• **The task**
What's needed is an exact copy of all the data below, without pictures.

*** Supplied material ***

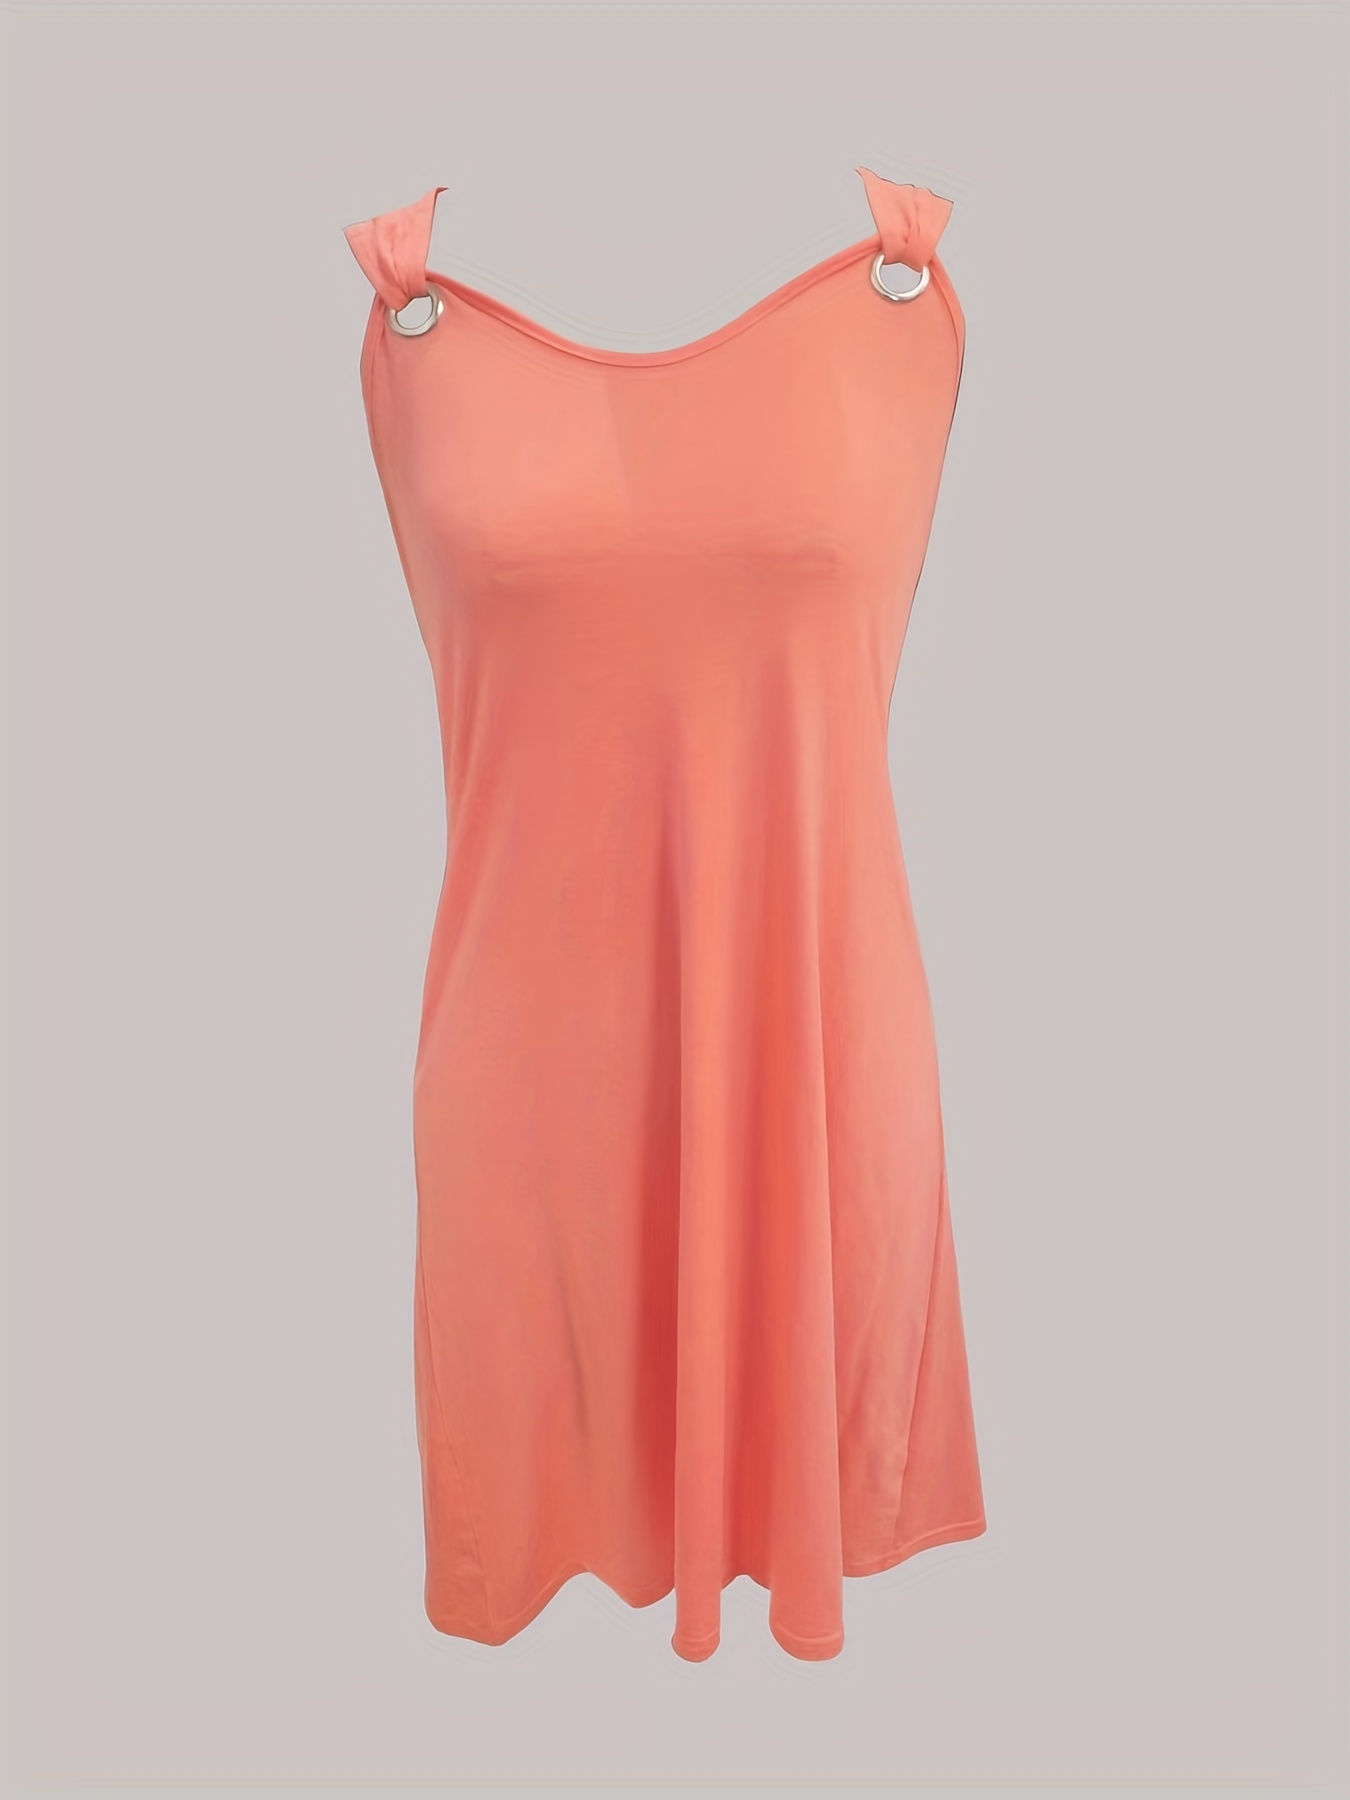 solid simple dress casual v neck sleeveless summer dress womens clothing
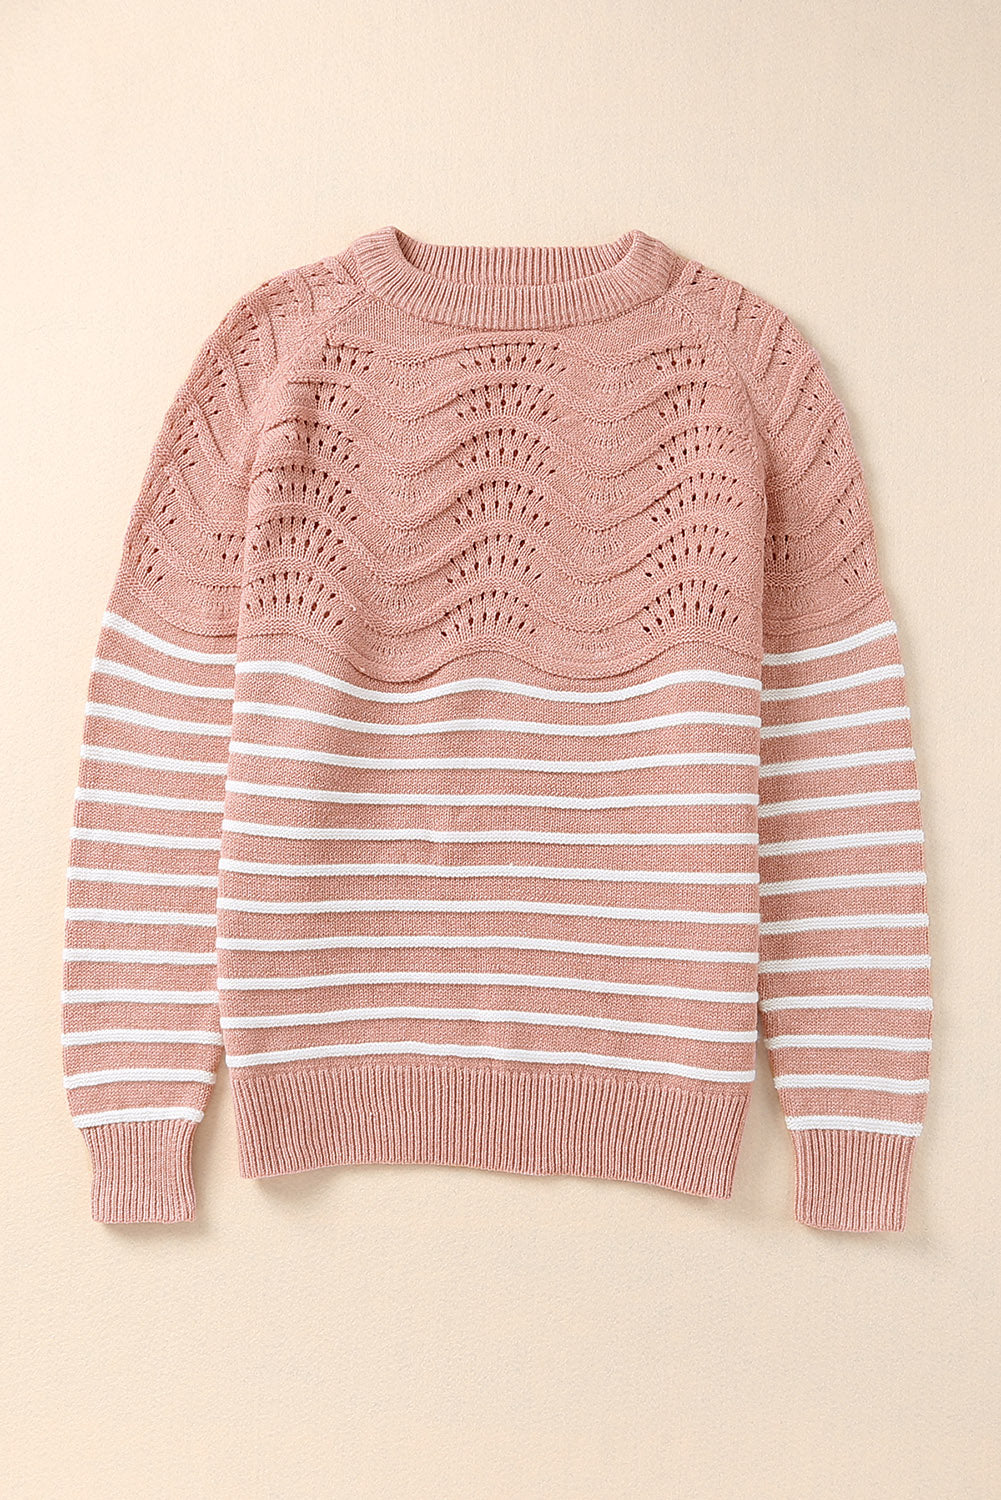 Pink Striped Textured Long Sleeve Knit Sweater
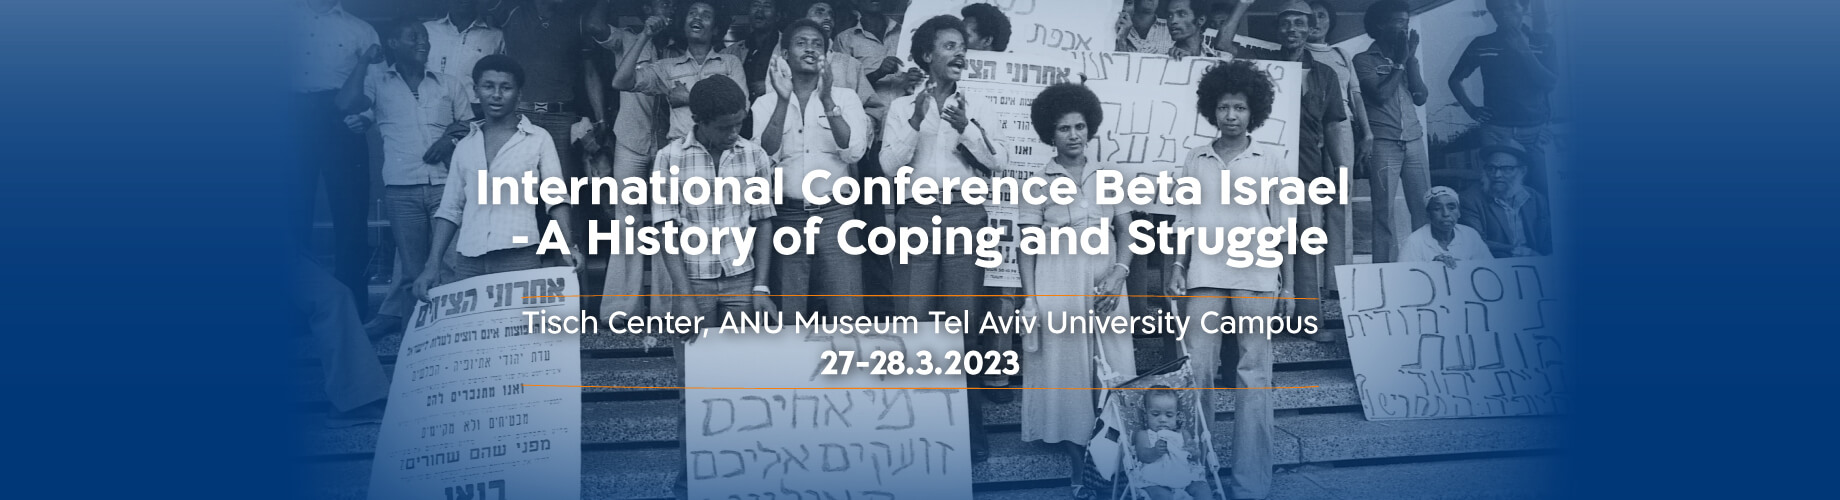 International Conference “Beta Israel – A History of Coping and Struggle

***

• **Answer**
 solid simple dress casual v neck sleeveless summer dress womens clothing
 Pink Striped Textured Long Sleeve Knit Sweater
 International Conference “Beta Israel – A History of Coping and Struggle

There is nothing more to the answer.